The fate of the Malfoy family
6.
'Alles wat u wilt Heer' stamelde Draco doodsbang. Voor wat er komen ging. De Heer van het Duister liep langs hem heen en liet zijn vuurrode ogen door de tuin flitsen.
'Breng me naar Lucius!' snauwde de Heer van het Duister. Draco schuifelde voetje voor voetje, terug naar het bankje waar hij zijn vader zo juist had achter gelaten.
'Kan het niet een beetje sneller'
Draco draaide zich om naar de Heer van het Duister, nu pas zag hij de slang die als een sjaal om de Heer van het Duisters nek gedrapeerd lag. Nagini.
'Ja, Heer' stamelde Draco en hij vervolgde zijn weg naar het bankje. Sneller nu, bijna rennend, bang om de snauwende sissende stem van de Heer van het Duister weer te moeten horen. Vader zat nog steeds op het bankje en staarde naar zijn handen.
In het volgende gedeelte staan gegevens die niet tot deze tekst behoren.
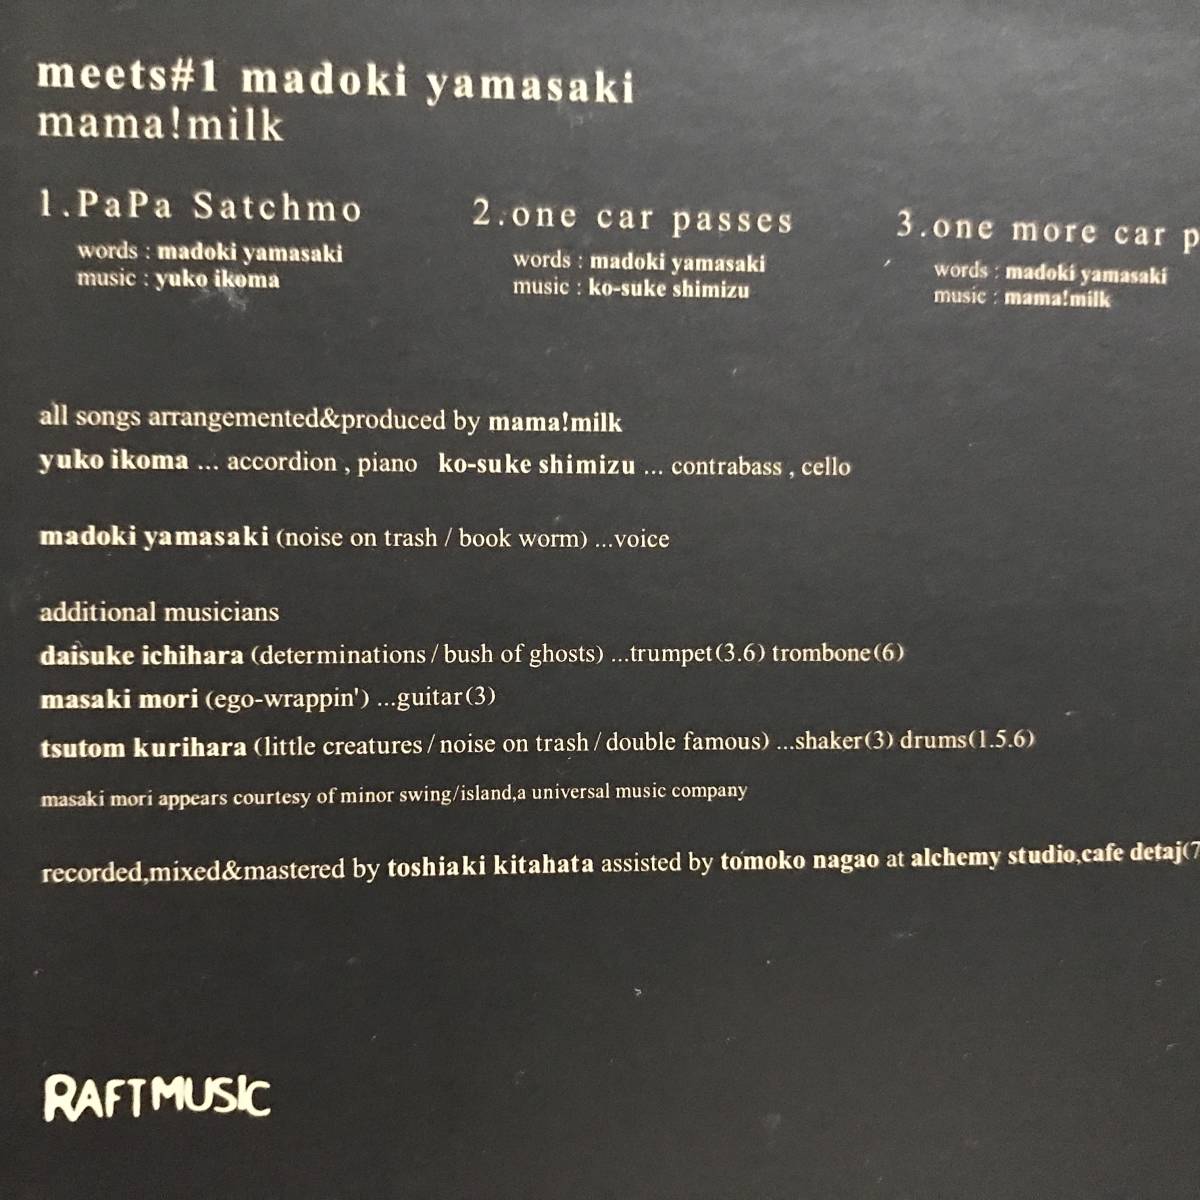 中古CD ママ・ミルク mama! milk meets#1 madoki yamasaki 山崎円城 Papa Satchmo アコースティック・ダーク・グルーヴ

'Roep hem' siste de Heer van het Duister in Draco's oor. Draco haalde diep adem. Waarom vader, waarom vroeg hij zich zelf af. Zijn hele lichaam trilde van angst, deed pijn.
'Vader' zei hij zacht. Hij voelde een koele hand op zijn schouder.
'Harder dom joch, zo hoort hij het niet!' weer dat sissende gefluister. Draco voelde zijn ogen nat worden, woest veegde hij de tranen weg. Hij mocht niet huilen, hij moest sterk zijn. Als hij sterk was en deed wat de Heer van het Duister aan hen vroeg, was diens wraak heel.. heel erg misschien niet al te erg. Opnieuw haalde Draco diep adem.
'Vader!' zei hij weer luider dit keer. Vader keek op, zijn grijze ogen geschokt. Hij stond op en boog voor de Heer van het Duister.
'Heer, wat brengt u hier' vroeg hij, zijn kille stem trilde. Vader was nooit bang. Nooit. En toch zag Draco nu de angst van zijn vader. Misschien had vader, die drie mensen wel helemaal niet willen vermoorden en had hij geweigerd, maar had de Heer van Duister net als bij Draco, de Cruciatusvloek gebruikt om vader zo te dwingen het wel te doen.
'Jou natuurlijk, je familie' siste de Heer van het Duister. 'Wat dacht je dan'
'Ik..ehum...ik had gehoopt dat u het vergeten was heer' stamelde vader.
'Vergeten, Vergeten, Lucius, ik vergeet niet dat je gefaald hebt. Ik had vertrouwen in je, maar ik had natuurlijk meteen kunnen weten, dat de tijd je verzwakt heeft'
'Verzwakt Heer?' vroeg vader nog steeds buigend voor de Heer van het Duister. 'De tijd?'
'Ja Lucius tijd' zei de Heer van het Duister kil. 'Toen ik, jullie mijn vrienden, bij me riep na mijn herrijzen, had ik moeten kunnen door zien dat je gesmeek alleen maar gespeeld was, Oooo Heer, het spijt me zo. Ik heb al die jaren op u gewacht, vergeef me Heer, vergeef het me dat ik u nooit ben komen zoek'
'Ik heb echt al die jaren op u gewacht Heer' zei vader. 'Geloof me'
'Ja, ja het zal wel. Groot huis hebben jullie trouwens, groot genoeg om te kunnen dienen als vergaderruimte, dacht ik het niet, Lucius?'
'Mijn huis? Vergaderen?'
'Ja, jullie hebben vast nog wel een slaapkamer vrij, in dit grote huis niet?'
'Daarvoor moet u bij Narcissa zijn Heer' zei vader. Draco keek angstig toe en luisterde naar het gesprek ook al wilde hij dat niet. Het liefst wilde naar binnen gaan, maar hij was te bang dat de Heer van het Duister hem dan opnieuw zal martelen.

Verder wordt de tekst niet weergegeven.